Y digo que me sorprendí porque, primero, no creí que a nadie se le ocurriera hacer una encuesta para preguntarle a la gente si ha viajado para evitar tener que  ir a una invitación que le da pereza. Y segundo, por enterarme de que de cada 100 españoles que viajan, 18 lo hacen solo para tener una disculpa creíble y no tener que asistir a alguna reunión social.

Encuestaron a 3.000 personas de 6 países: España, Italia, Alemania, Portugal, Francia e Inglaterra. Se les preguntó cuáles eran sus razones para viajar al extranjero en sus vacaciones. Las respuestas más comunes fueron:
1. Tengo ganas de conocer ese país o ciudad (33%)
2. Necesito un descanso del trabajo y del estrés diario (24%)
3. Quiero pasar tiempo con mis seres queridos (19%).

Hasta ahí todo bien. Pero la cuarta motivación más fuerte fue definida como “evitar tener que ir a una reunión familiar, una boda o un acto social”.

Los encuestadores entregaron los resultados por nacionalidades. Los que parecen ser más antipáticos son los españoles. El 18% viaja para no tener que aceptar una invitación y poder decir que no va a ir porque justo en esa fecha estará fuera del país. Los porcentajes realmente son altos:
1. Españoles 18%
2. Italianos 15%
3. Portugueses 14%
4. Alemanes 12%
5. Franceses 10%
6. Británicos 9%

El equipo encuestador se sorprendió con los resultados. Yo, además, me hubiera sorprendido por la sinceridad de la gente. En Colombia seguramente muchos se han inventado viajes para no ir a una reunión familiar, pero nadie lo confesaría.

El caso es que los encuestadores quisieron profundizar un poco más, así que preguntaron cuál era el motivo para no querer ir a esa reunión. Estas fueron las cinco respuestas más comunes:

1. No puedo o no quiero asumir los gastos que me supone asistir.
2. Ese tipo de eventos nunca acaban bien.
3. No soporto a la mayoría de la gente que va a asistir.
4. Quien lo celebra no me cae especialmente bien
5. No conozco a la mayoría de la gente que va.

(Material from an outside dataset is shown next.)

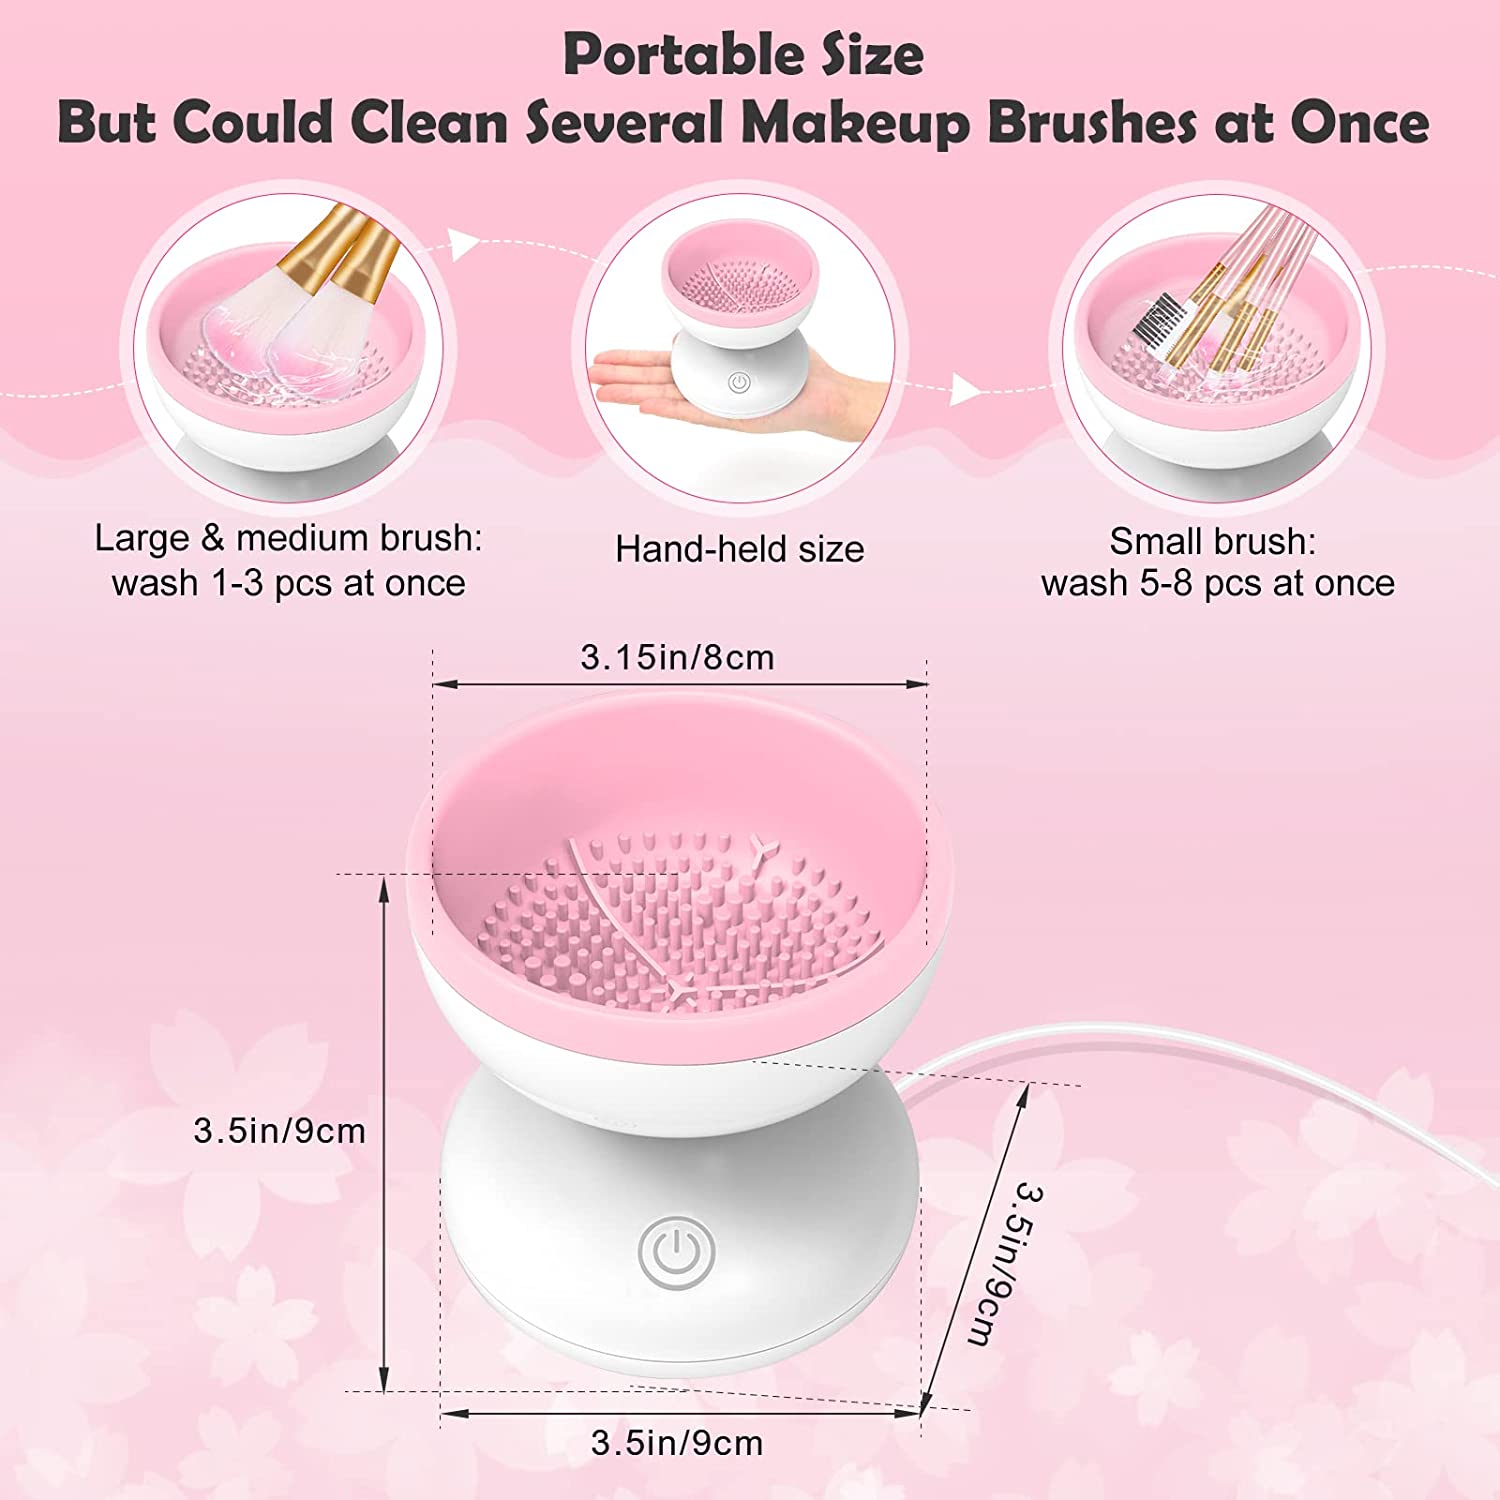  Electric Makeup Brush Cleaner, Abnaok Makeup Brush Cleaner  Machine with Brush Clean Mat, Automatic Cosmetic Brush Cleaner Makeup Brush  Tools for All Size Beauty Makeup Brushes Set, Gift for Women Wife

Cuando finalmente se les preguntó por qué no decían simplemente que no querían, el 60% respondió que decir que ya tenían reservado un viaje al extranjero les parecía una mejor excusa para que no les insistieran mucho.

El estudio lo hizo Jetcost, una compañía que se define como “un buscador que compara los precios ofrecidos por más de 250 agencias de viajes y líneas aéreas para encontrar los mejores precios para cada viaje”. Las cifras y la foto fueron enviadas por la agencia de prensa de Jetcost.

Yo lo que creo es que hay mucho desocupado. El que hizo la encuesta, yo que decidí escribir un artículo sobre este tema y usted que lo está leyendo. Pero bueno, algo aprendimos, ya tenemos disculpa para cuando nos vuelvan a invitar a una reunión o a una fiesta a la que no queramos ir.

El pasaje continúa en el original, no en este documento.